Pat was a five-time European Ladies' Rally Championship winner. She and co-driver Anne Wisdom contested rallies all over Europe from the mid-1950s to the late '60s. Pat started in a Triumph TR2 that she bought herself and first distinguished herself with a 1958 win in the British RAC Rally in 1958, in a Morris Minor. She drove an Austin Healey 100-Six to fourth place in the Liege-Rome-Liege Rally, which she won outright in 1960. She was also winner of the 1962 Rallye Deutschland. After her marriage to Erik, she switched to the Saab factory team. They competed together in eleven international rallies in the mid-'60s. Once, while she was dating Erik, she was ahead of him on the road in a rally, racing a Healey, and crashed her car and ended up upside down. The first thing Pat checked was if the side glass windows were broken, because they were very expensive. She was relieved to discover they weren't. So while she was upside down in the car, she was carefully removing the set screws that held the window in place. She was just about to remove the final screw when Eric came around the corner, saw her upside down, jumped out of his car in a panic, and ran to the car and kicked the window in. Much to his surprise, Pat came flying out of the car. What he had on his hands was a screaming, spitting hellcat, yelling, "You bloody idiot! I'm perfectly fine, you've ruined my window." After they got married, they lived in Monte Carlo for a long time as many drivers did to avoid taxes. When I met them, they lived on the Moss family farm in Tring, northwest of London. Erik mucked out the horse stables and would always admonish Pat to stop swearing and stop smoking because it would set off these horrible coughing fits. She tended a massive flower garden and did the cooking, both activities with an eternal cigarette hanging from her lips. Erik would say, "That's right, pretty mom, light another cigarette." She would respond, "Sod you, Erik." I spent a lot of time with Pat in the 1980s and early 1990s. By the time I met her, she had already retired from rallying and dedicated her life to driving her daughter and her daughter's horses to horse jumping events all over Europe.
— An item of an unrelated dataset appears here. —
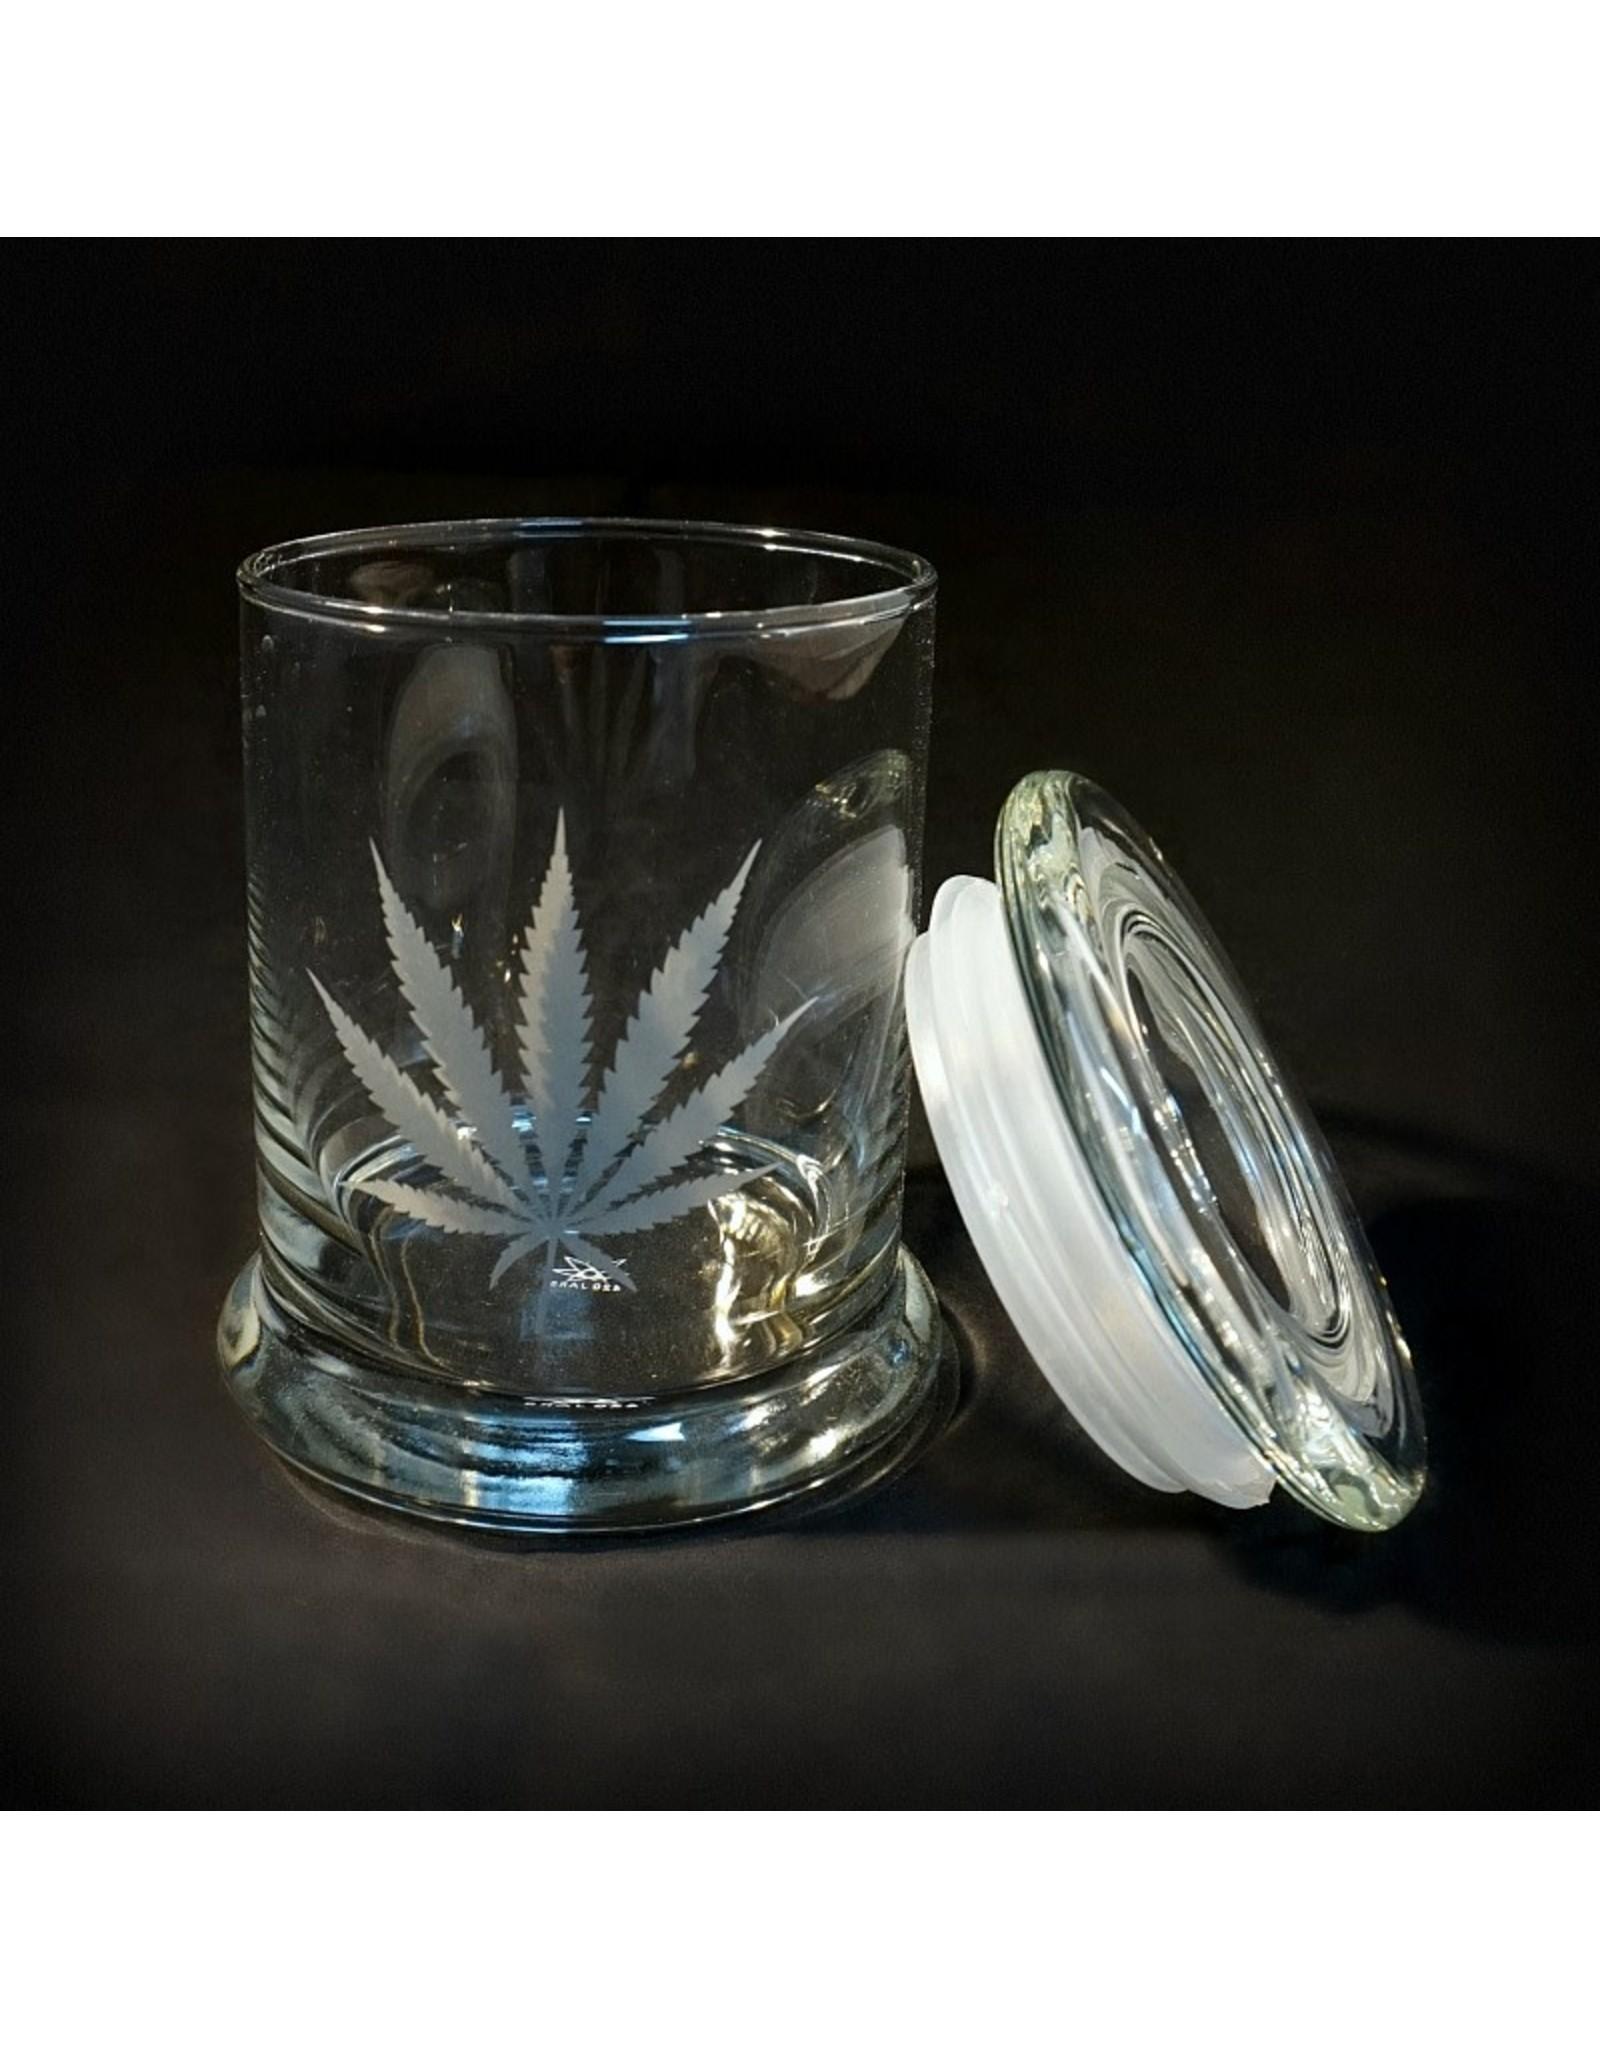 420 Science Jars

At Home with the Moss-Carlsons

The first time Erik took me home to meet the family, I stayed at Erik and Pat's house. I slept in the den on a fold-out bed with orders to not bloody wake anybody up early in the morning. Next to me was the bookshelf with all of the family scrapbooks. There was not a single photo in the scrapbooks that wasn't taken by a newspaper or professional photographer. Pat's, Erik's, and Stirling's lives were totally in the public domain. Everything they did was commented on and examined in the newspaper. They were the stars of the day.

Pirelli Classic Marathon with Stirling, Not Pat

I had a chance to drive with Pat in 1989, when Pirelli Tires asked me if I wanted to co-drive with her in a Pirelli Classic Marathon across Europe, from London to Cortina d'Ampezzo. I called her, and she said, "That bloody car didn't kill me back then, and I'm not going to give it another chance." I ended up doing the event with her brother, Stirling, which was the beginning of our nearly thirty-year friendship. In retirement, Pat wrote two books: The Story So Far, which was a memoir, and The Art and Technique of Driving, which she co-wrote with Erik. Shortly before she died in 2008, she managed to get a speeding ticket while towing a horse trailer.